Given that, what I’ve always appreciated about her novels is the window dressing with which she surrounds her tropes. For all that she selects from pre-crafted characters, she surrounds them with interesting worldbuilding that definitely speaks to a lot of research on her part, whether it’s running a wedding business or opening a B&B or, in this instance, life in dystopian America.
The world ends in the prologue, an illness that spreads quickly and has an overwhelmingly high mortality rate. They call it the Doom in the book as it’s the Doom of mankind. Those who don’t die are either regular humans just blessed with immunity, or gifted individuals with special powers: witches, fairies, elves, shapeshifters, mermaids/men, etc. All of them were whatever they are before the Doom, but the Doom definitely brought out something more in all of them. Lana, one of the main characters in this installment, is a witch. She can light candles as a party trick, but that’s about it at the beginning, but that quickly changes as the world does.

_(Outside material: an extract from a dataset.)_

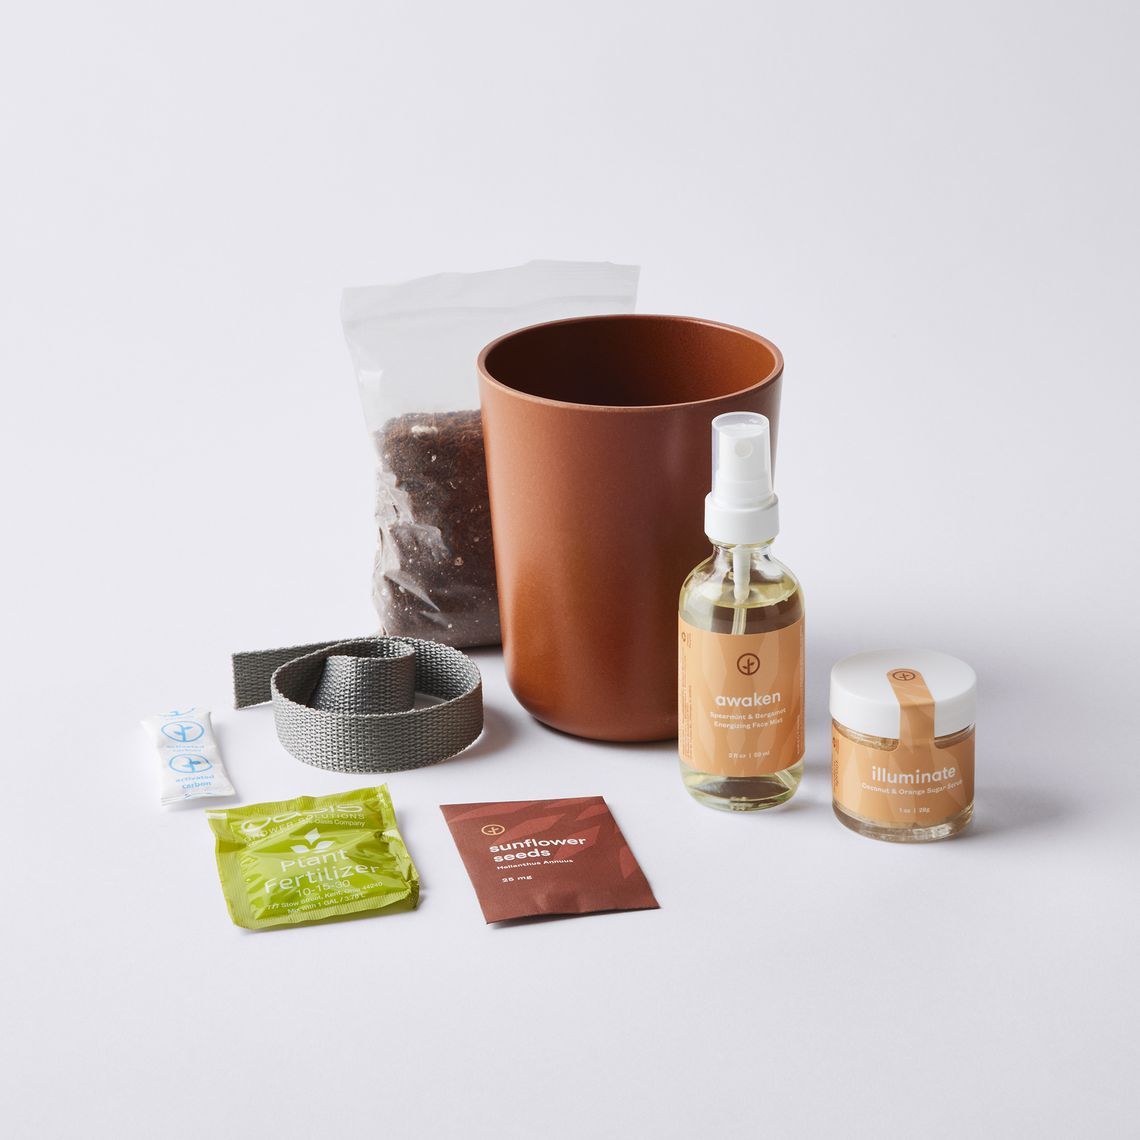 Modern Take Options with on 3 Grow Gift Sets, Food52 Care Kit Sprout

I haven’t read a lot of recent Roberts’ novels, so I’m not sure how she’s evolved over the years, but I was really surprised by some of the things she brought to the table in this novel. A lot more death than I was truly expecting, even outside of the epidemic that killed 75% of the world’s population. There’s an art to writing a good villain that I’m not sure Roberts possesses. Her villains were evil because they’re evil, and absolutely anything was on the table because wickedness was their only motivation. They rape, they pillage, they kill because it’s fun. There’s a window dressing of religious fervor for one group, lack of resources for another, but it doesn’t really fit their crimes.
This also does not, at all, fit in with the trope-y romance plot lines that I’m used to in her writing. The thing that I thought would happen with the main pairing does not happen, and about 80% of the way through the book something happens that absolutely changes everything in a way that made the ending not entirely satisfying for me. Slight spoilers: that storyline continues in the second book and works much better.
Still, despite its faults, I genuinely enjoyed the book and am now 70% of the way through its sequel, and I’ve already got the third novel out from the library. I need to know how everything works out for these crazy kids.
In conclusion: Even formulaic authors can find an original story, and I think Roberts has here. Not that dystopian novels aren’t saturating the market, but her take on everything, weaving together Irish mythology with a doomsday tale, is definitely new. Her dialogue still leaves something to be desired, but she’s woven together a page-turner nonetheless.